**Data segment**
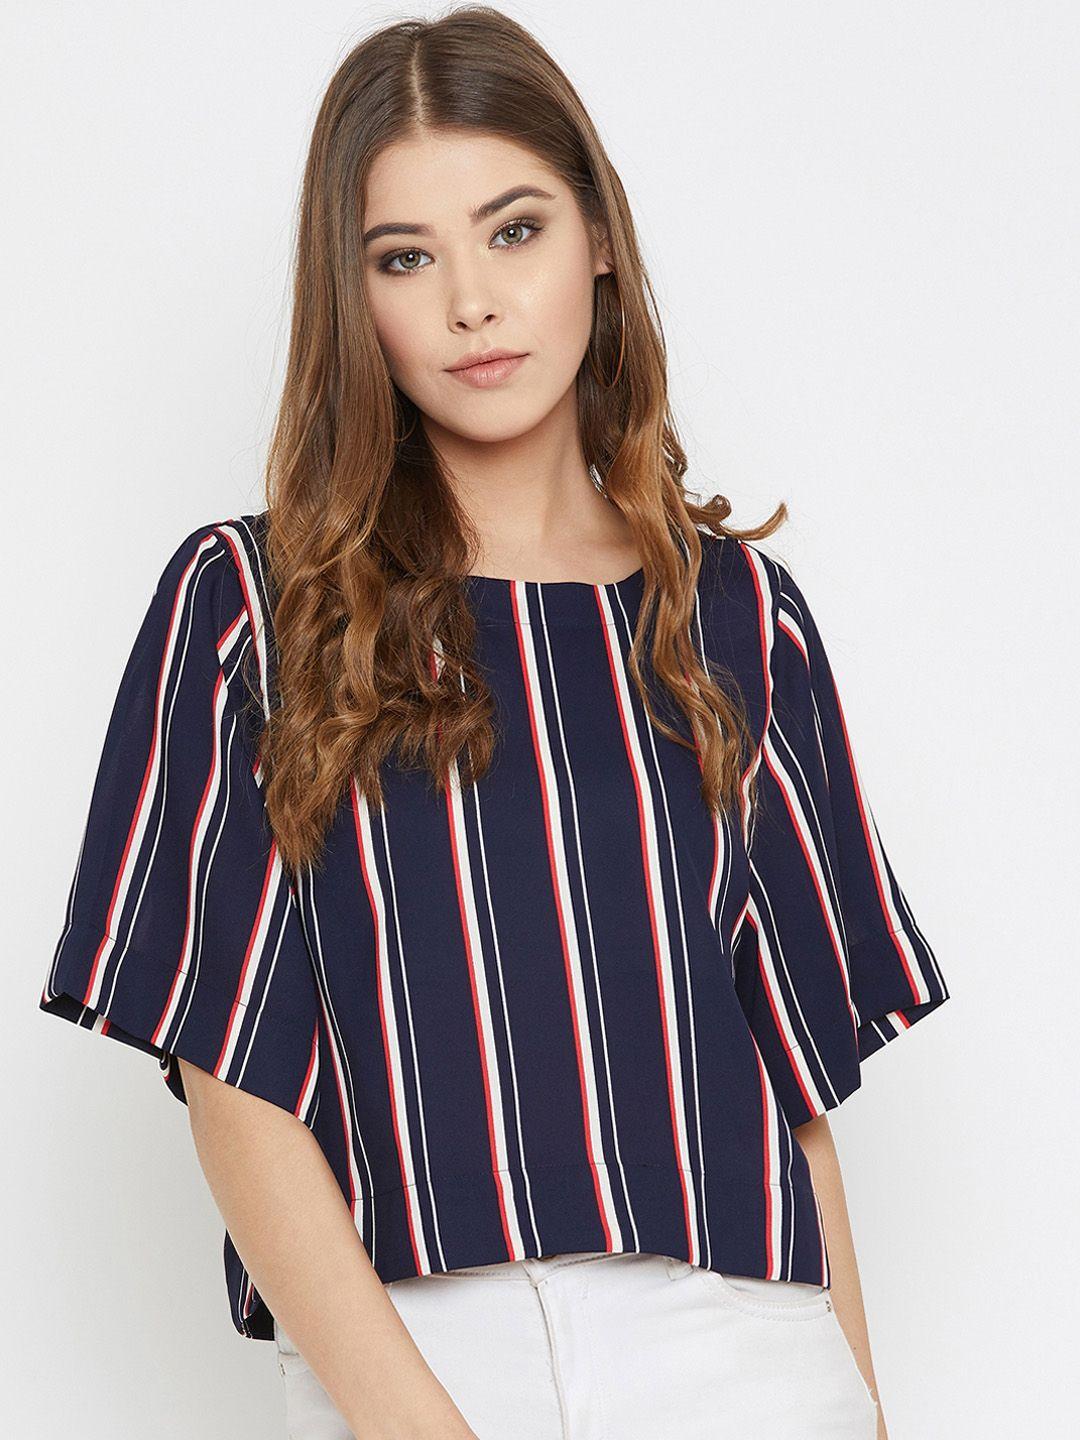 ruhaans women navy blue & white striped boxy top
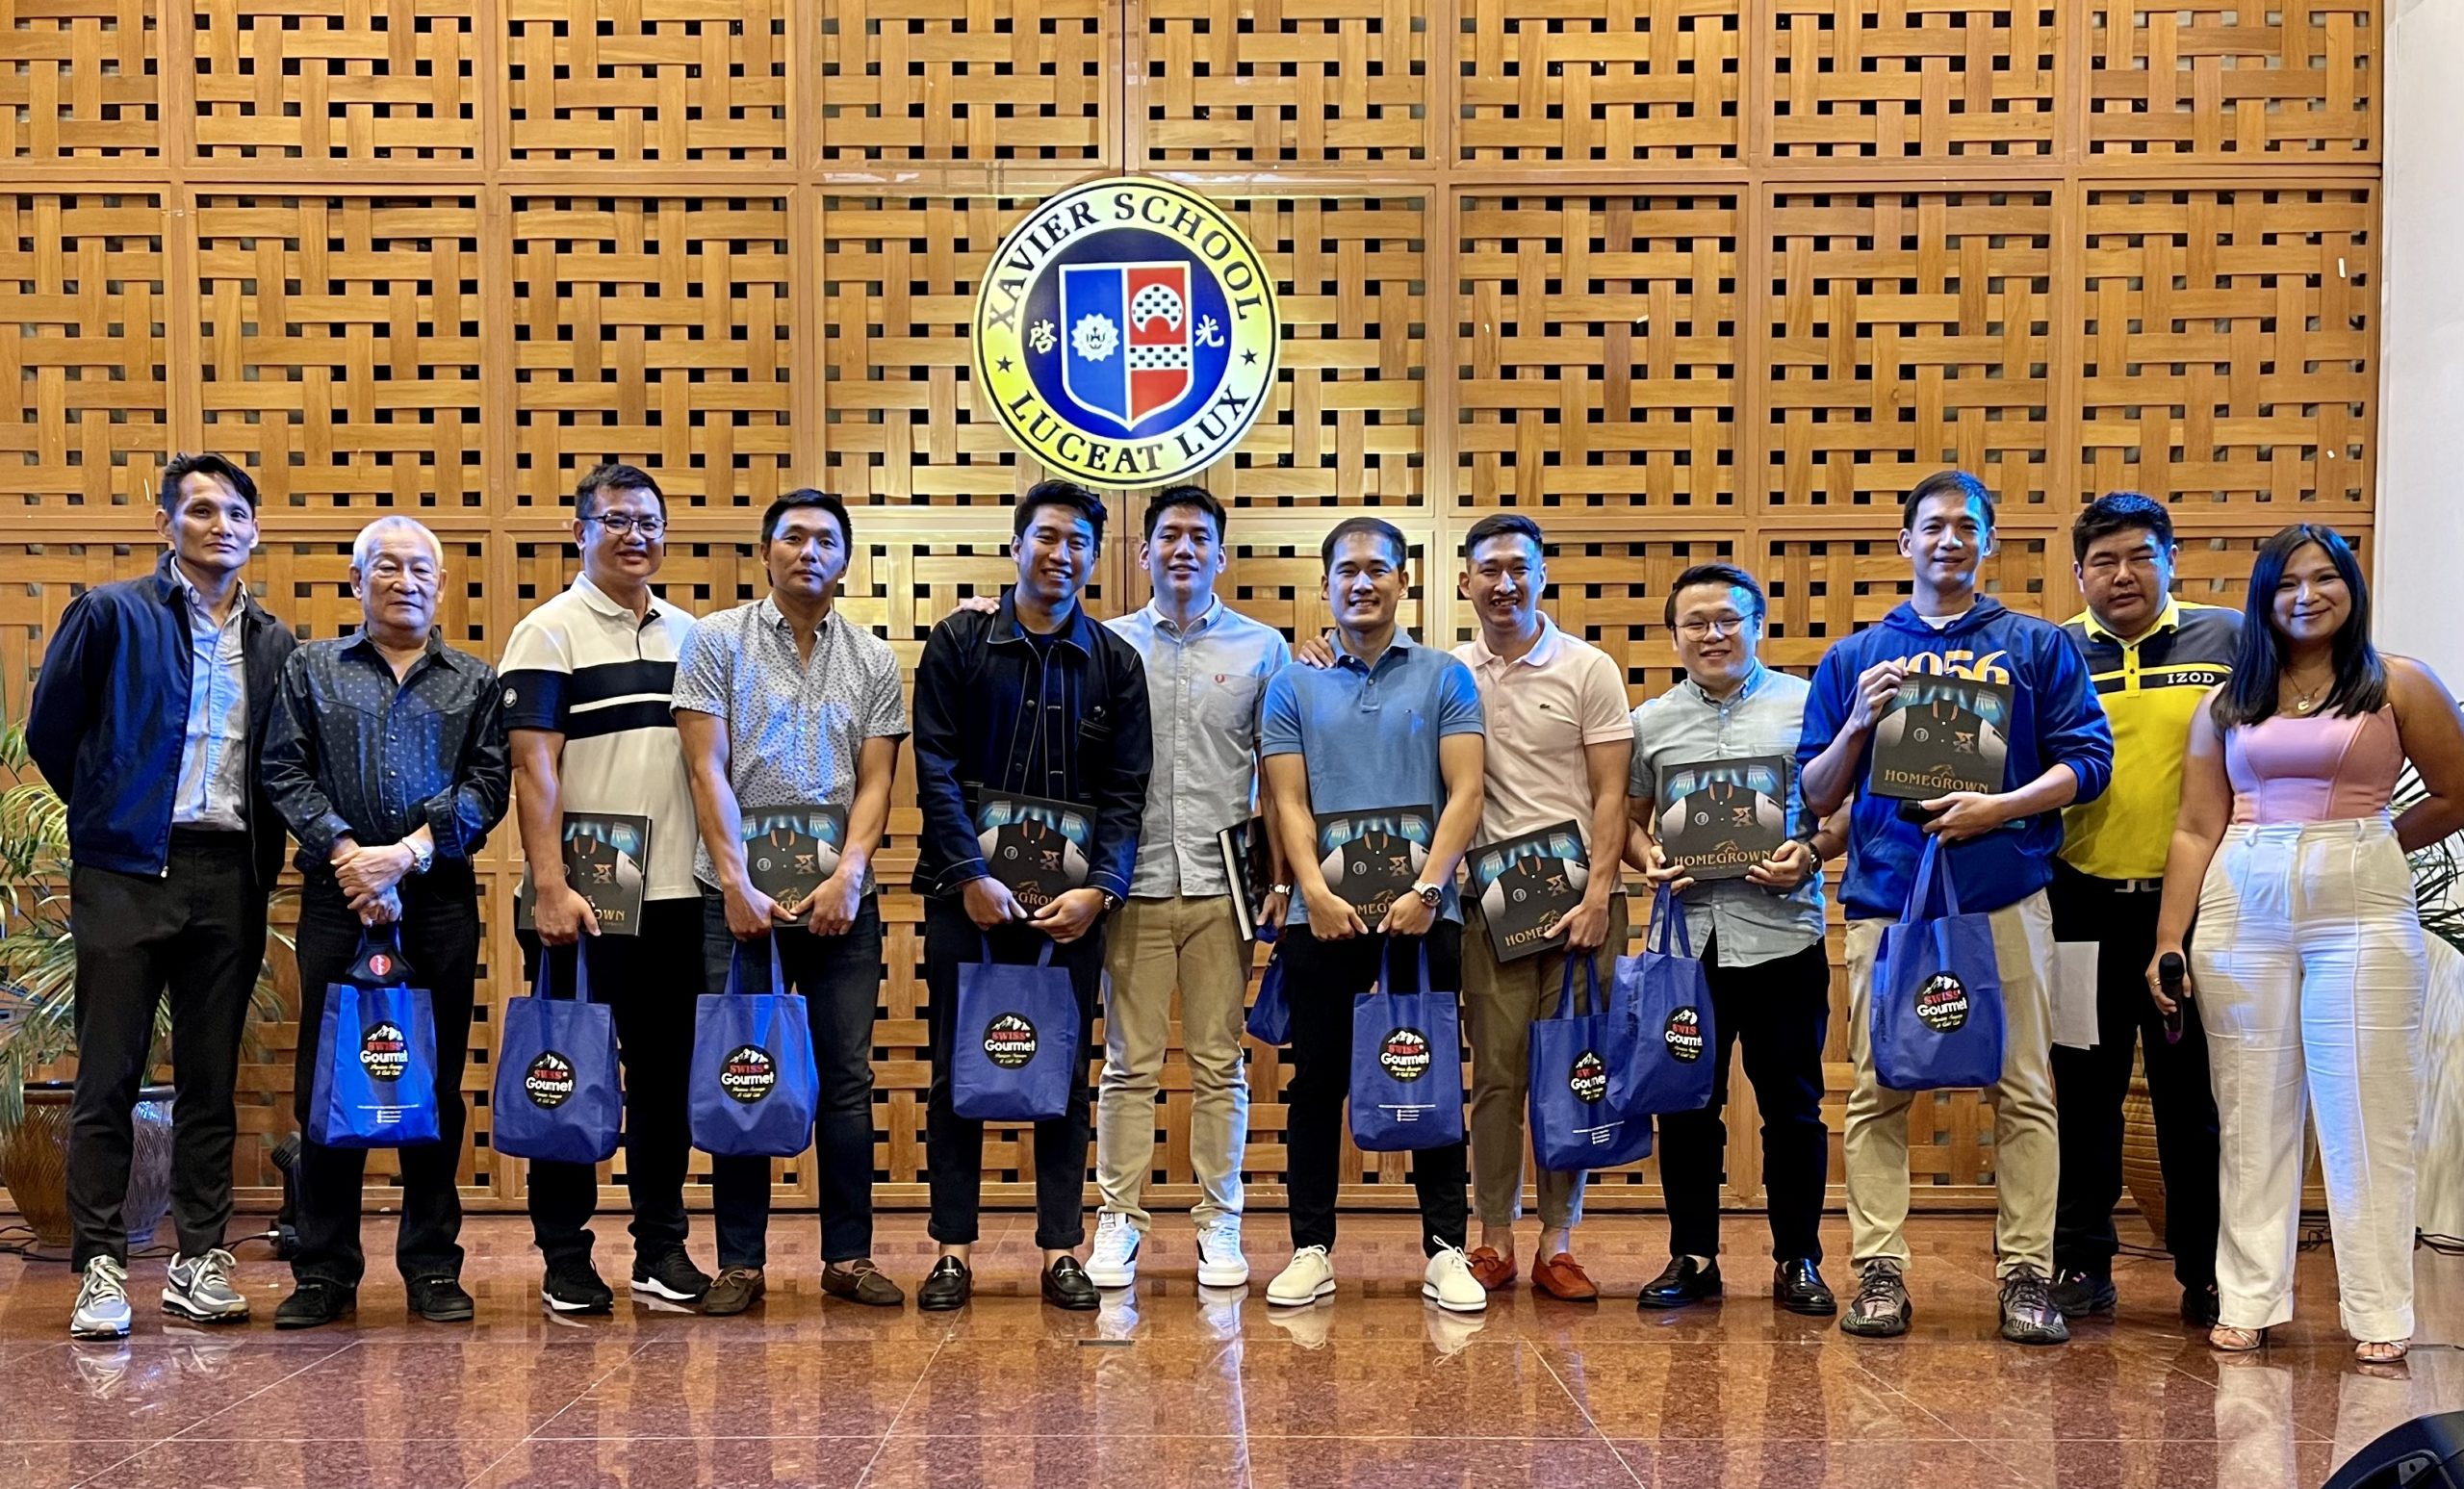 Former Xavier School standouts during the book launching of “Homegrown: A Celebration of Xavier Sports” last Monday, April 4 at the Angelo King Center inside Xavier School in San Juan. In photo are, from left, Jean Alabanza, Jerry Ngo, Eric Yao, Joseph Yeo, Jett Manuel, Jeron Teng, Kyles Lao, Jarrell Lim, Patrick Syquiatco, Chris Tiu, Alumni Association of Xavier School Vice President for Sports Oliver Gan, and co-host Eilieen Shi.
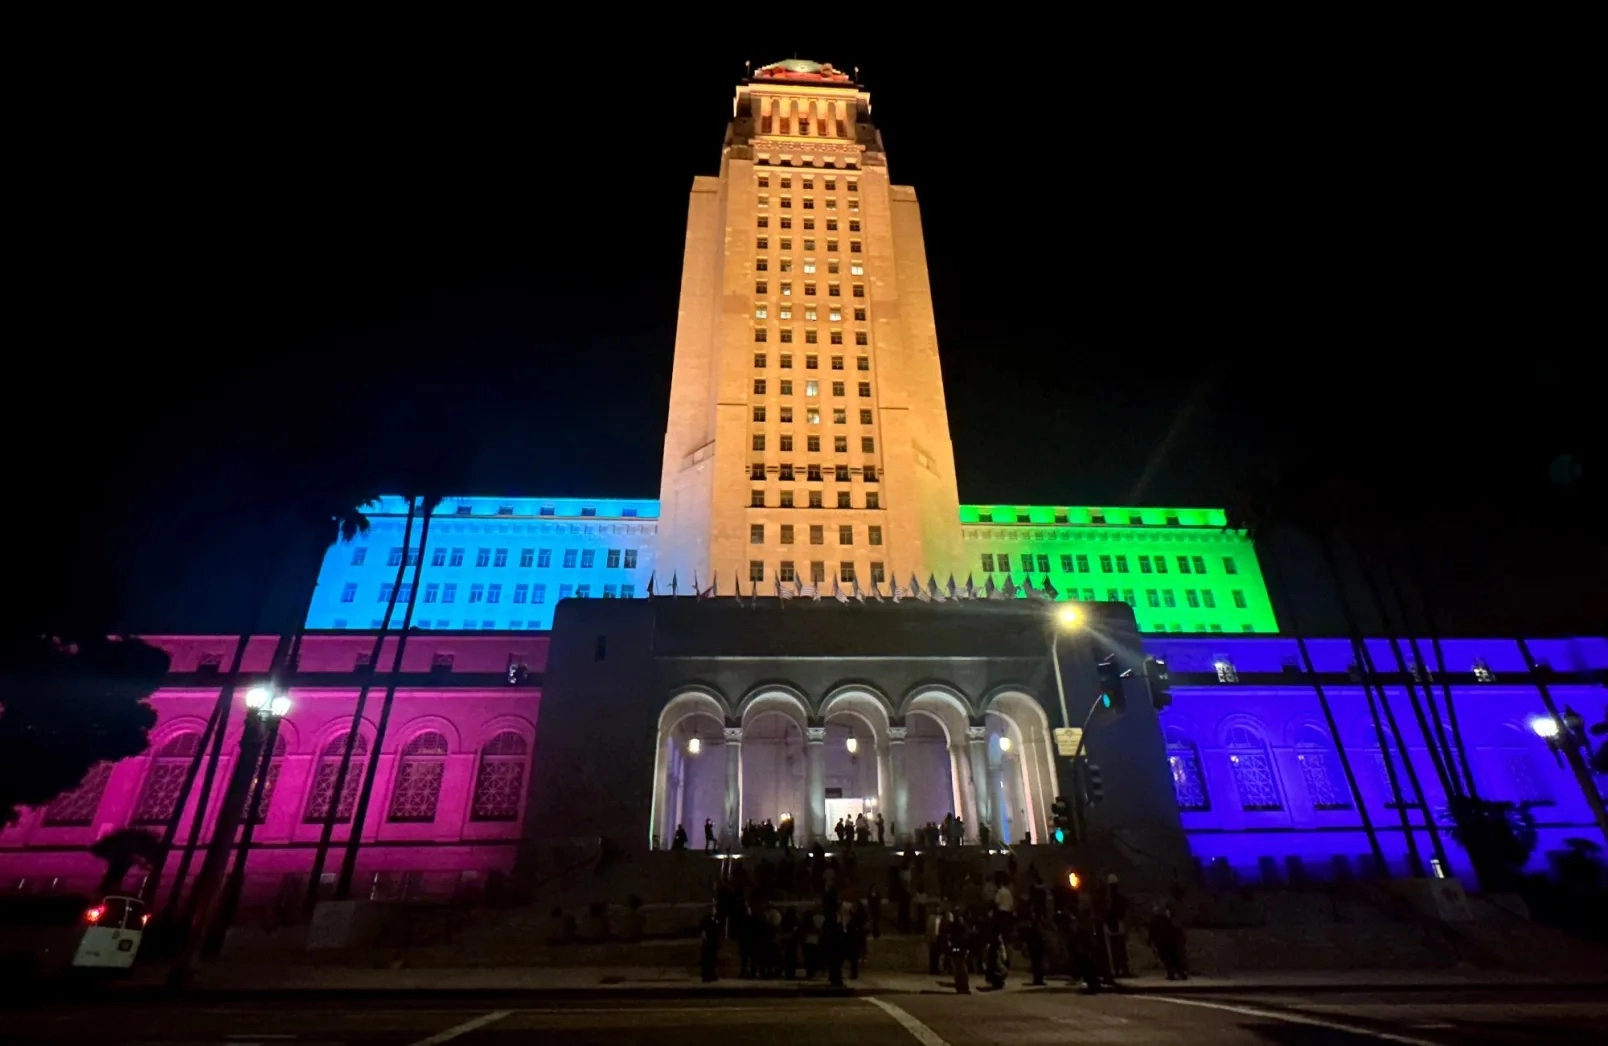 LA City Hall lit up in LA for All Colors

**Exercise directions**
Output, exactly and without pictures, the span of lines that starts at the line containing "Former Xavier School" and ends at the last line above.

**Solution**
 Former Xavier School standouts during the book launching of “Homegrown: A Celebration of Xavier Sports” last Monday, April 4 at the Angelo King Center inside Xavier School in San Juan. In photo are, from left, Jean Alabanza, Jerry Ngo, Eric Yao, Joseph Yeo, Jett Manuel, Jeron Teng, Kyles Lao, Jarrell Lim, Patrick Syquiatco, Chris Tiu, Alumni Association of Xavier School Vice President for Sports Oliver Gan, and co-host Eilieen Shi.
 LA City Hall lit up in LA for All Colors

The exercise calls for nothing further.